## Stored data
──────────

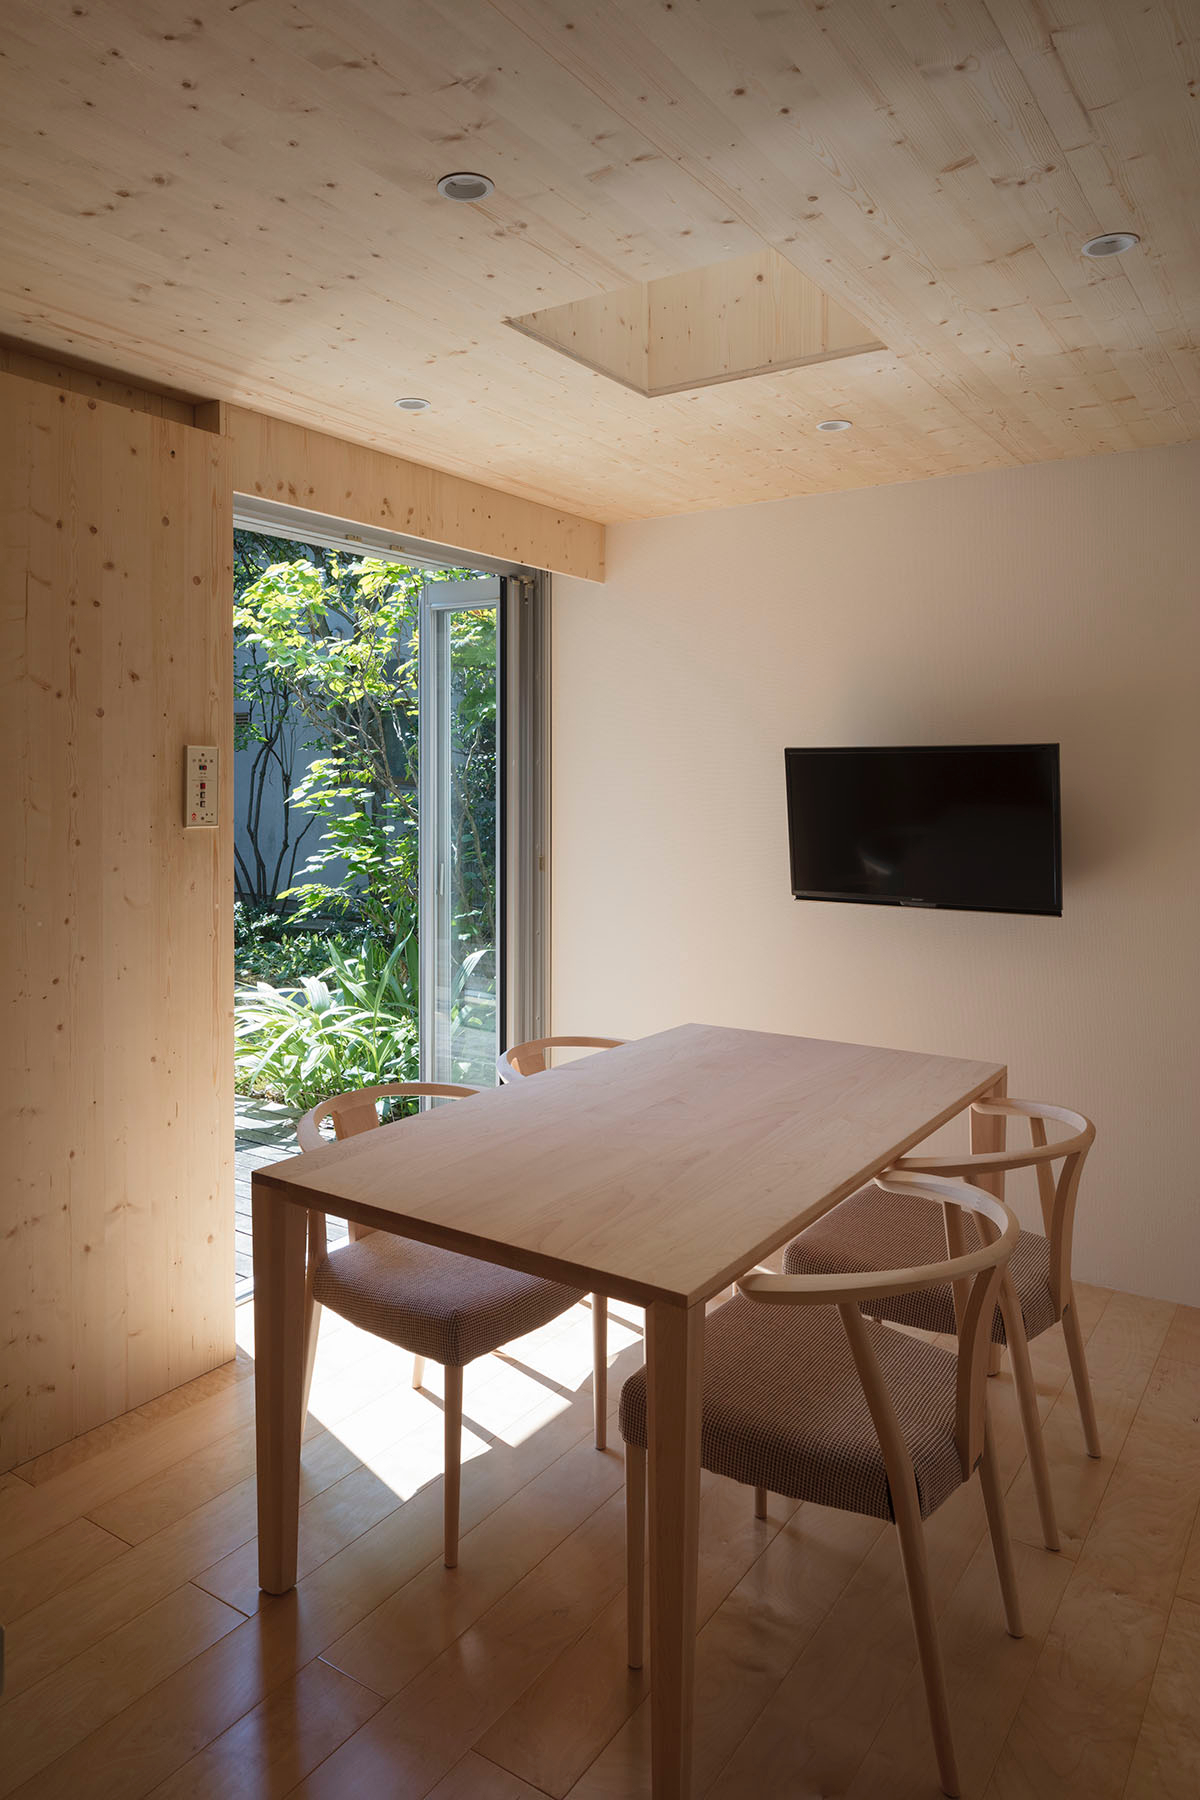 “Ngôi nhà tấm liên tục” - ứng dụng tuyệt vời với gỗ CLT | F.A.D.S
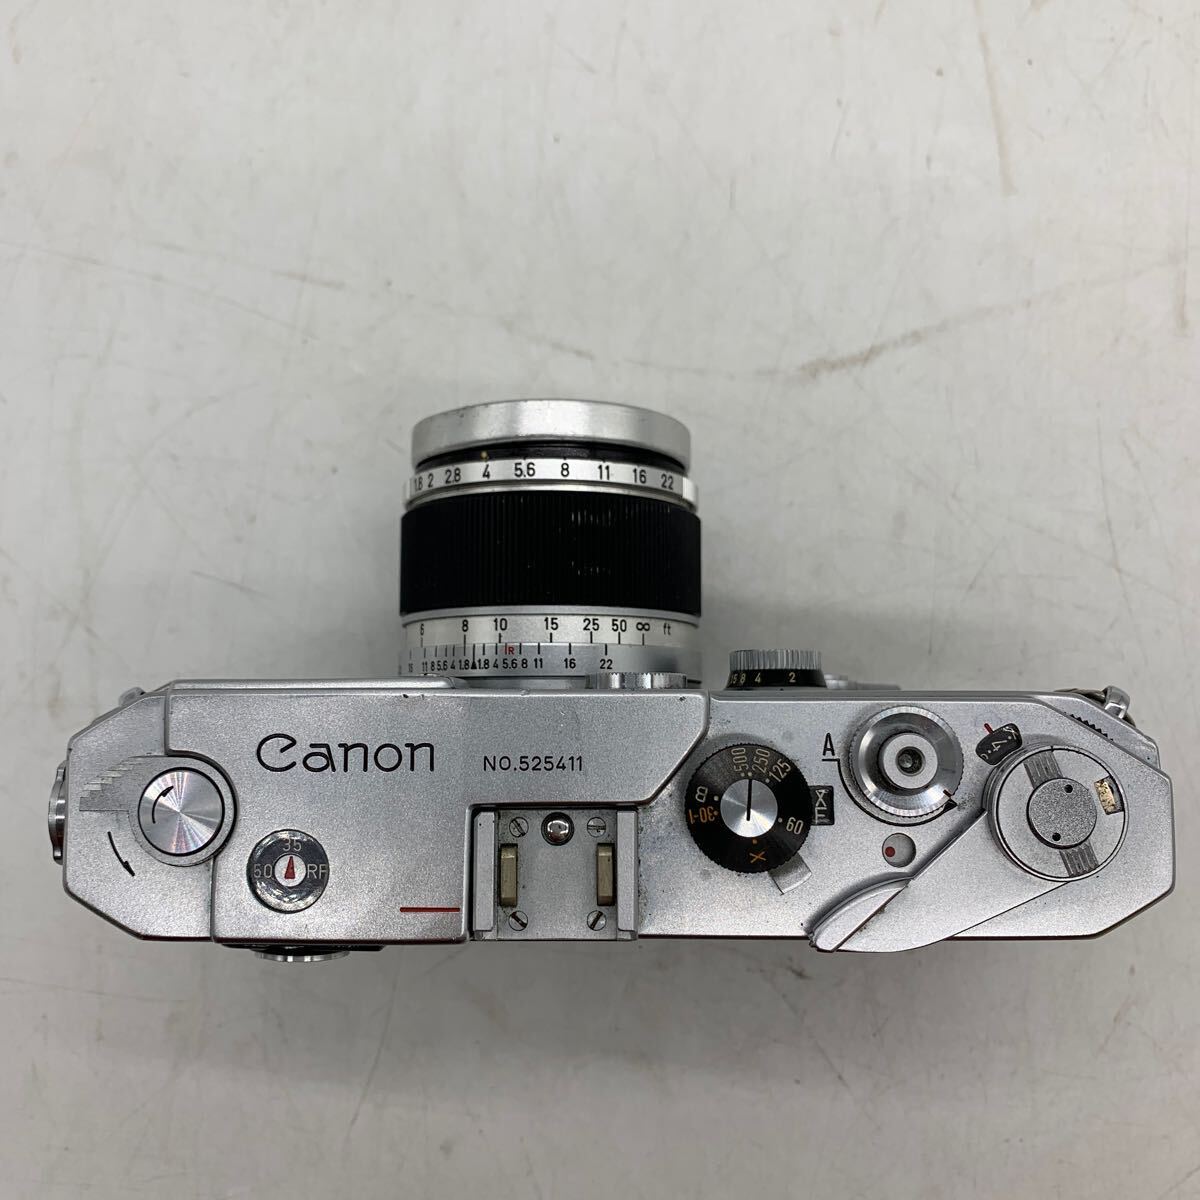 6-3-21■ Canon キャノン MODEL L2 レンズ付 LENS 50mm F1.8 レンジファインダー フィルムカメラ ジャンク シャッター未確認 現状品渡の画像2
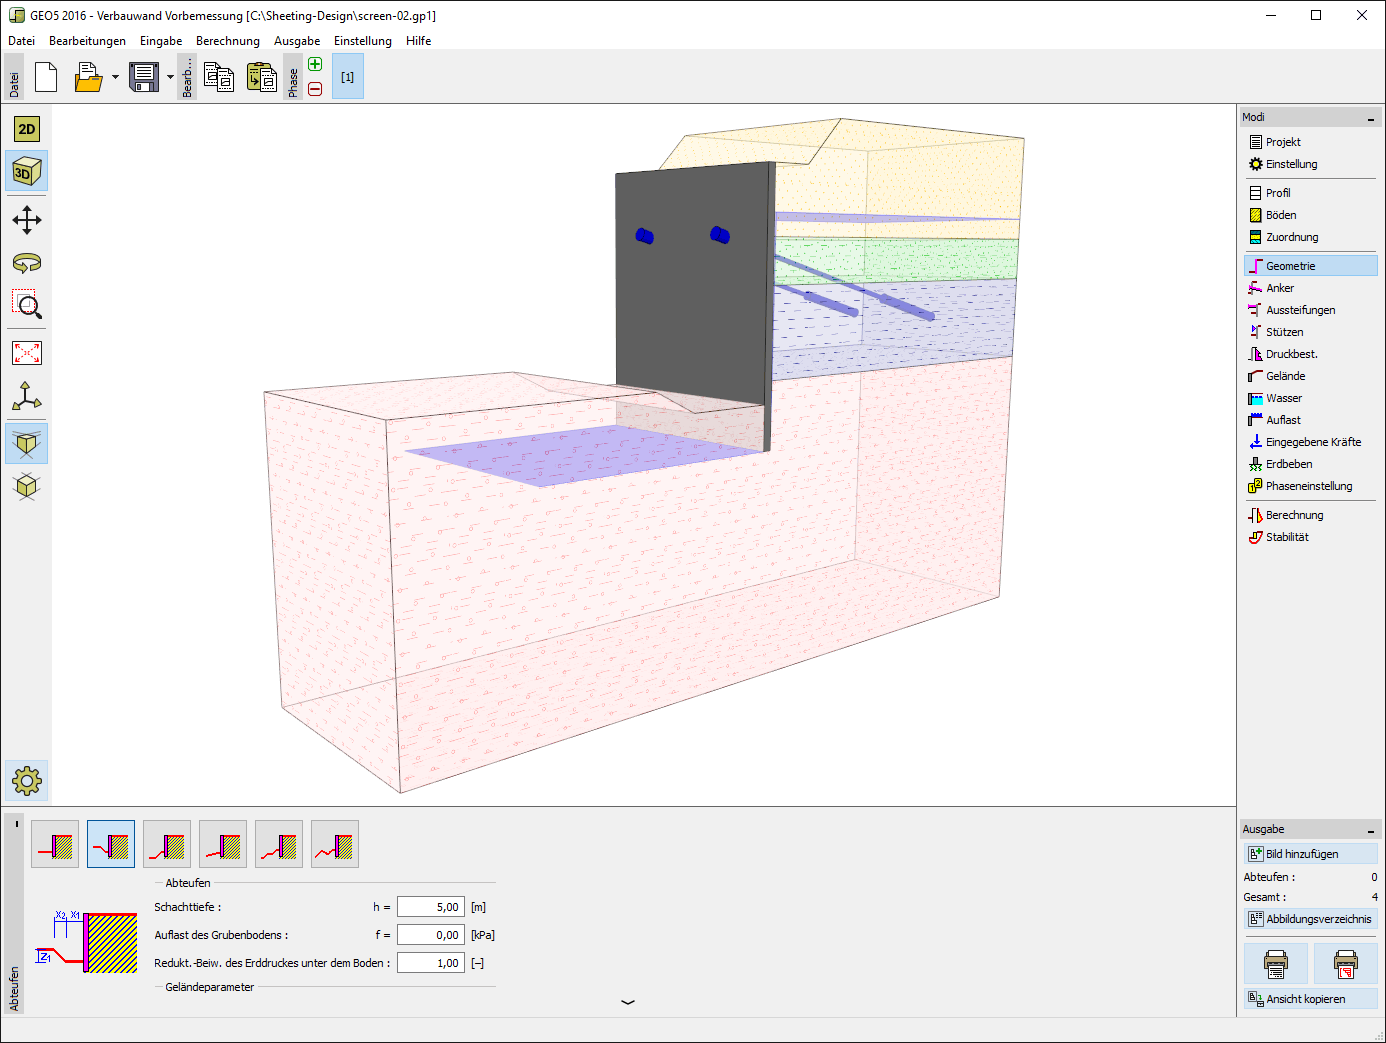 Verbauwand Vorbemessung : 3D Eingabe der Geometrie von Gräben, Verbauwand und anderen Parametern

──────────

The copy must start at the line containing "6-3-21■ Canon キャノン" and stop at the last line of the listing, both included, with every line exact and no pictures.

## Finished task
 6-3-21■ Canon キャノン MODEL L2 レンズ付 LENS 50mm F1.8 レンジファインダー フィルムカメラ ジャンク シャッター未確認 現状品渡の画像2
 Verbauwand Vorbemessung : 3D Eingabe der Geometrie von Gräben, Verbauwand und anderen Parametern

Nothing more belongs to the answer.